Наш сопровождающий, который вошел в Агдам вместе с азербайджанской армией после возвращения провинции, сказал, что одна пожилая армянская пара, к которой они пришли, попросила солдат дать им несколько минут, чтобы собрать свои вещи. “Мы ждали, пока они заберут свои вещи, но они вышли из дома лишь с двумя коробками гранатов, – вспоминает он. – Это все, что они взяли с собой”.
Деревня Касымлы была похожа на город Агдам своими призрачными фасадами и зияющими окнами. Я начала распознавать особый стиль разрушения. Этот город, как и многие другие, разобрали по кирпичику и сделали практически непригодным для проживания, а многие ценные вещи были вывезены для перепрофилирования или продажи, часто на близлежащем иранском рынке.
Ничто не выглядело знакомым для Имрана и его семьи, но воспоминания о базовой топографии привели их к их бывшему дому. Мы миновали мост через реку, который Имран легко вспомнил. Когда мы вошли в город, он стал искать небольшой родник. Он все еще стоял на пересечении двух деревенских дорог.
“Это наш дом, – сказал он, указывая на единственную стену, стоящую среди обломков, заросших сорняками. – Это как Хиросима”.
Офицер напомнил нам, что вход во двор запрещен из-за возможных мин. Семья стояла на обочине дороги и позировала для фотографии перед тем, что осталось от их дома.
Имран взял своего сына на экскурсию по окрестностям: “Здесь слева дом вашей тети, а этот принадлежал моему двоюродному брату по отцовской линии”. Он говорил энергично, поначалу не обращая внимания на разрушения. В его яркой памяти стены этих разрушенных домов еще остались нетронутыми.
Прогуливаясь по мало знакомым улицам, Решад не мог оторваться от съемок. Похоже, он использовал камеру своего смартфона, чтобы защитить себя от шока от увиденного. “Это большое тутовое дерево, с которого я столько раз падал и… Смотри, Отец, наш черный камень. Он все еще здесь! – восклицает Решад, обнаруживая камень в форме кресла, лежащий среди разбросанных руин. – А это мост, с которого я прыгнул в воду, помнишь?”

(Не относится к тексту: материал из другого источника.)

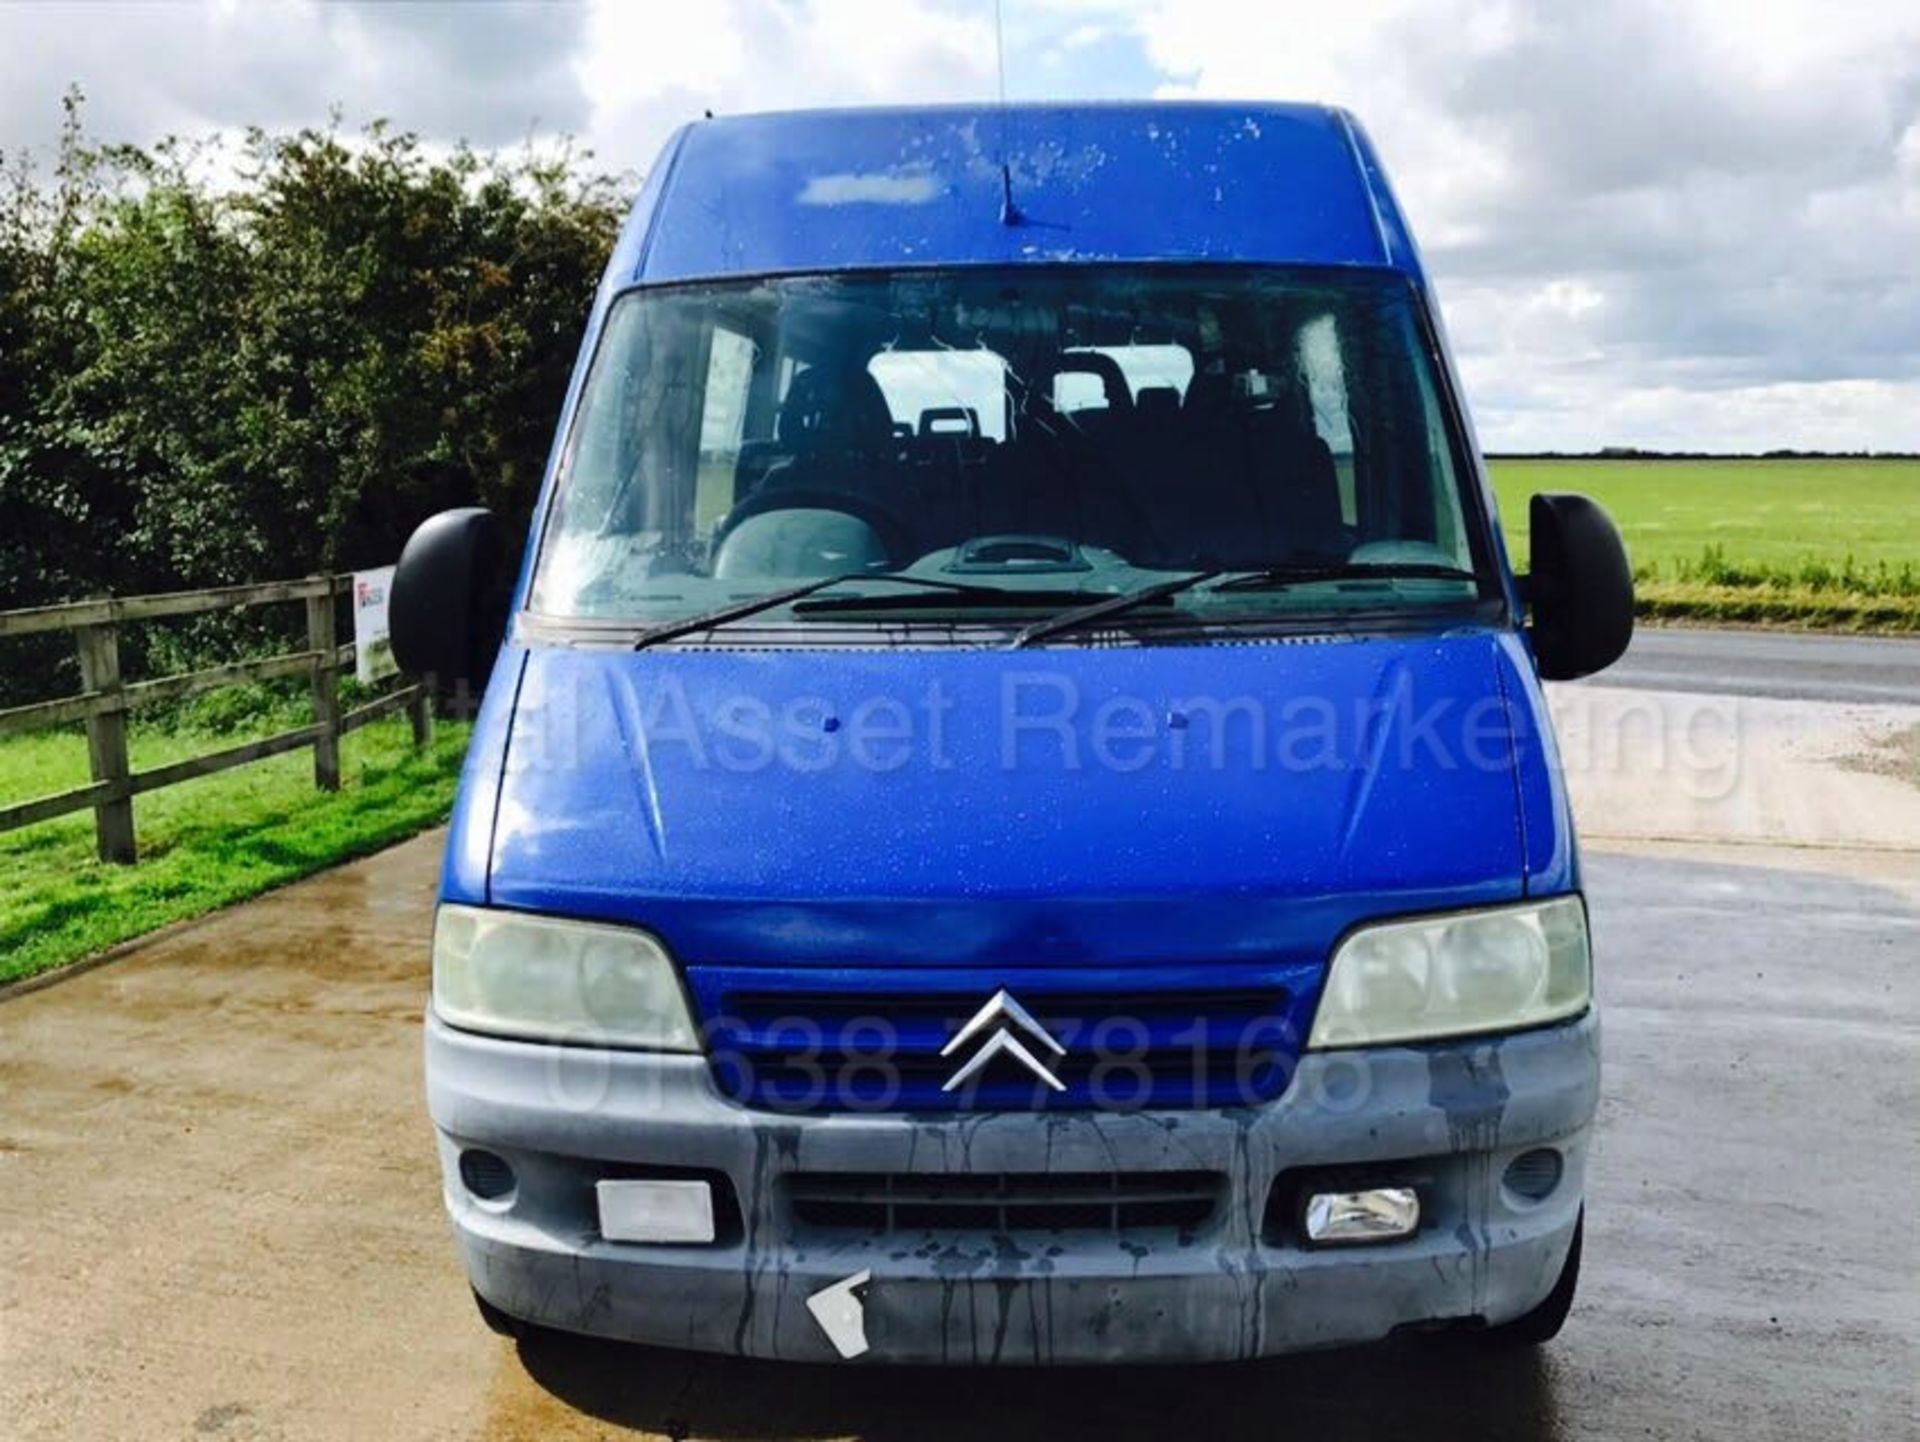 (On Sale) CITROEN RELAY 'LWB HI-ROOF - 17 SEATER MINI-BUS' (2005) '2.2 HDI - 5 SPEED' (NO VAT) - Image 2 of 16

Решад возбужденно говорит, пытаясь отвлечь Имрана, настроение которого ухудшилось. Старик шел бесшумно, его первоначальное рвение угасало по мере того, как начала проявляться реальность. “Я волновался, поэтому я продолжал шутить, чтобы он не плакал и не испытывал стресса. Его сердце слишком хрупкое, – объясняет Решад. – Дом уже не тот, что был раньше, но все мои детские воспоминания вернулись обратно. Как будто мы никогда не уезжали”.
Сорвав гранат с дерева в саду своей семьи, Решад дал его своей дочери Гюнель. “Давай съедим первые фрукты из нашего сада”, – предложил он, раскрыв его пополам. Она выбрала малиновые сахаристые семена из пучке горько-коричневых. Когда заходящее солнце озарило разрушенный город золотым светом, семья неохотно села в машину, чтобы ехать обратно в Баку.
Слишком рано возвращаться
После того, как я попрощалась с Гулиевыми, я путешествовала по недавно освобожденным территориям и присоединилась к другим вынужденным переселенцам в поисках их старых домов. По пути в Кельбаджар, самую большую из оккупированных областей, я выбрала ту же коварную дорогу через Муровские горы, по которой мирные жители бежали в 1993 году, когда провинция была захвачена армянскими войсками. Тысячи людей в течение нескольких дней шли при низких температурах, и многие не пережили холода. Теперь в нетронутом снегу мерцают маркеры мин.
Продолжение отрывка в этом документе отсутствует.